Devices and machines which perform additive manufacturing (adding material in a layer-wise or bead-wise manner to produce complex structure rather than removing material through machining) are maturing and entering the commercial market. While small prototype parts are routinely made using these devices, a number of industries, including biomedical and aerospace, are considering using these techniques for production parts. New materials which take advantage of the unique capability of additive manufacturing are beginning to evolve. Hybridization of materials at smaller scales now becomes possible with the precision of additive manufacturing devices. However, the fundamentals of structural performance of materials that can be produced by these methods are still to be explored and understood.. The current effort focuses on characterizing and describing the fundamental processing of hybrid materials produced using a combination of laser sintering of metals combined with polymer infusion of advanced carbon fabric.

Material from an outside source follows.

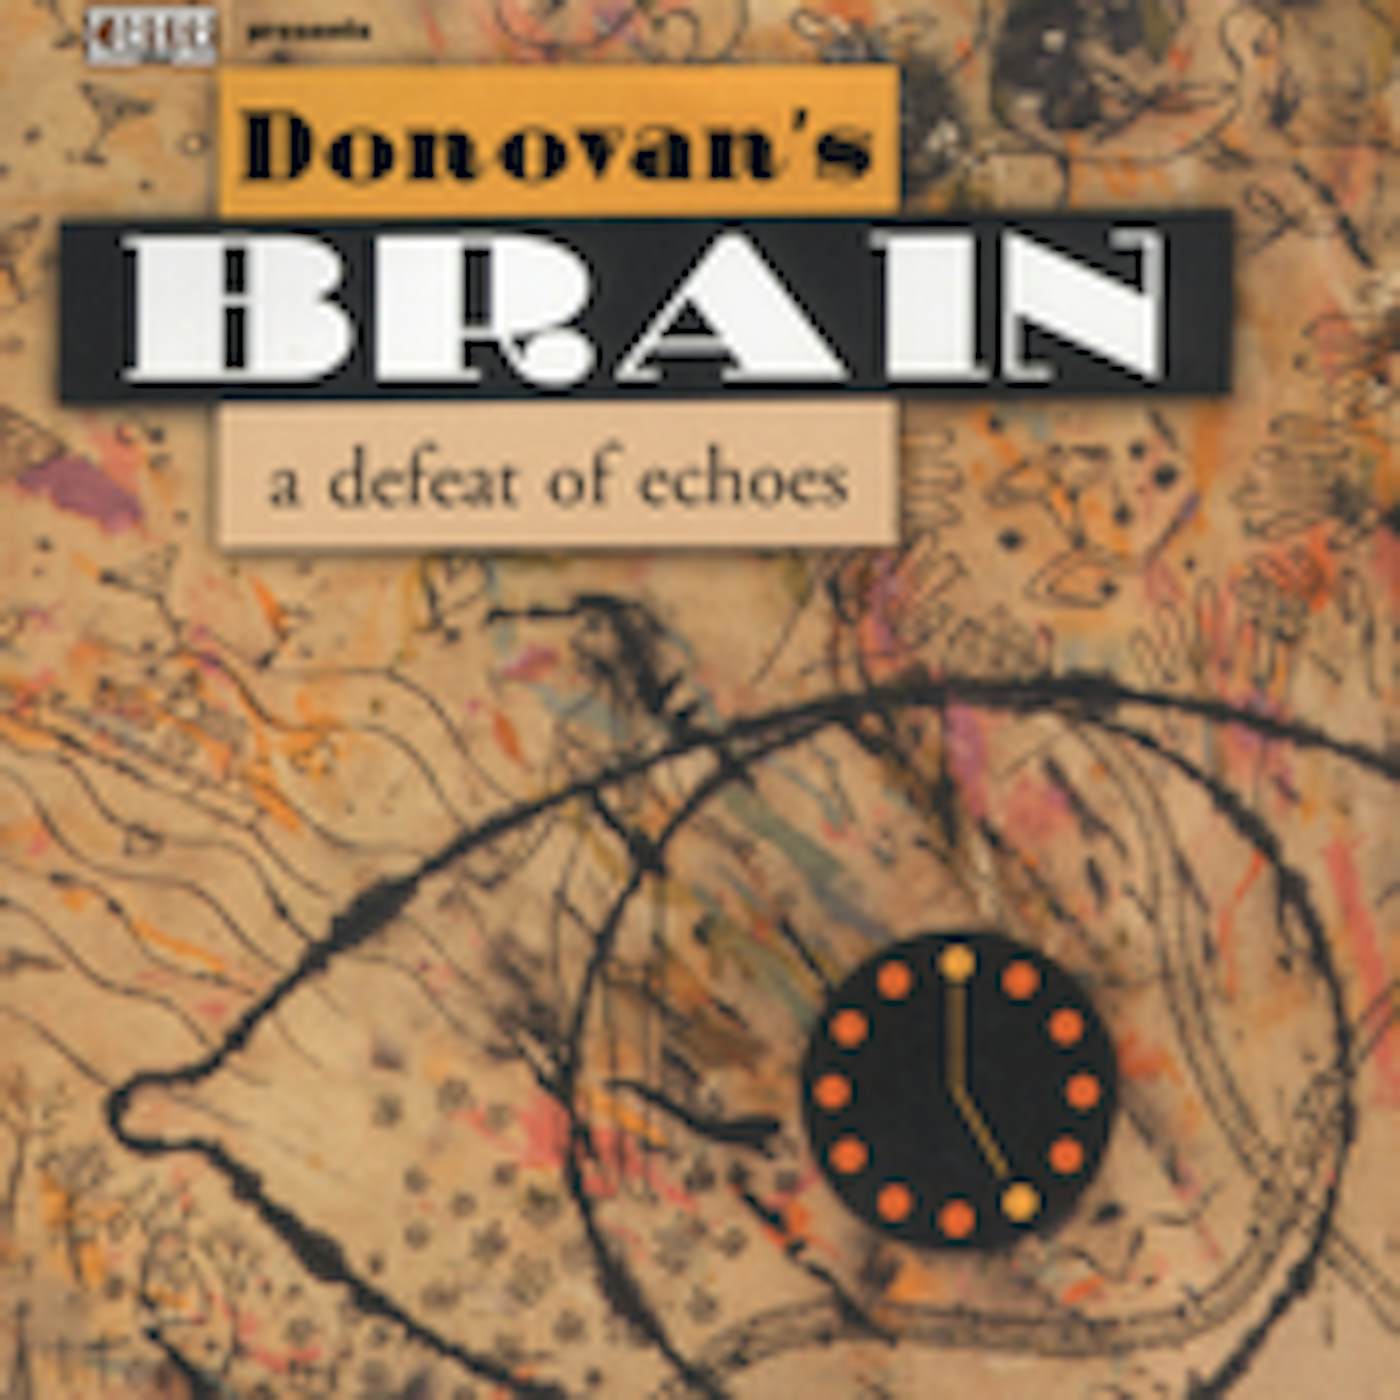 Donovan's Brain DEFEAT OF ECHOES CD

Ultimately, the work seeks to develop a fundamental understanding of the structural mechanics of these novel graphite-metal materials produced through hybrid processes. By understanding development and location of weak structural planes, effects of voids and discontinuities, load transfer from nano to macro scale, reinforcement distribution, gradients in properties, and effects of residual stress, a complete materials design process beginning with structural requirements and ending with material and process selection can be developed. This paper will summarize the first experimental steps taken to process and fabricate a metal-to-composite hybrid joint using a combination of additive manufacturing and conventional composite processes. Experimental conditions are described and morphology of the resulting hybrids is discussed. Future plans for testing are described.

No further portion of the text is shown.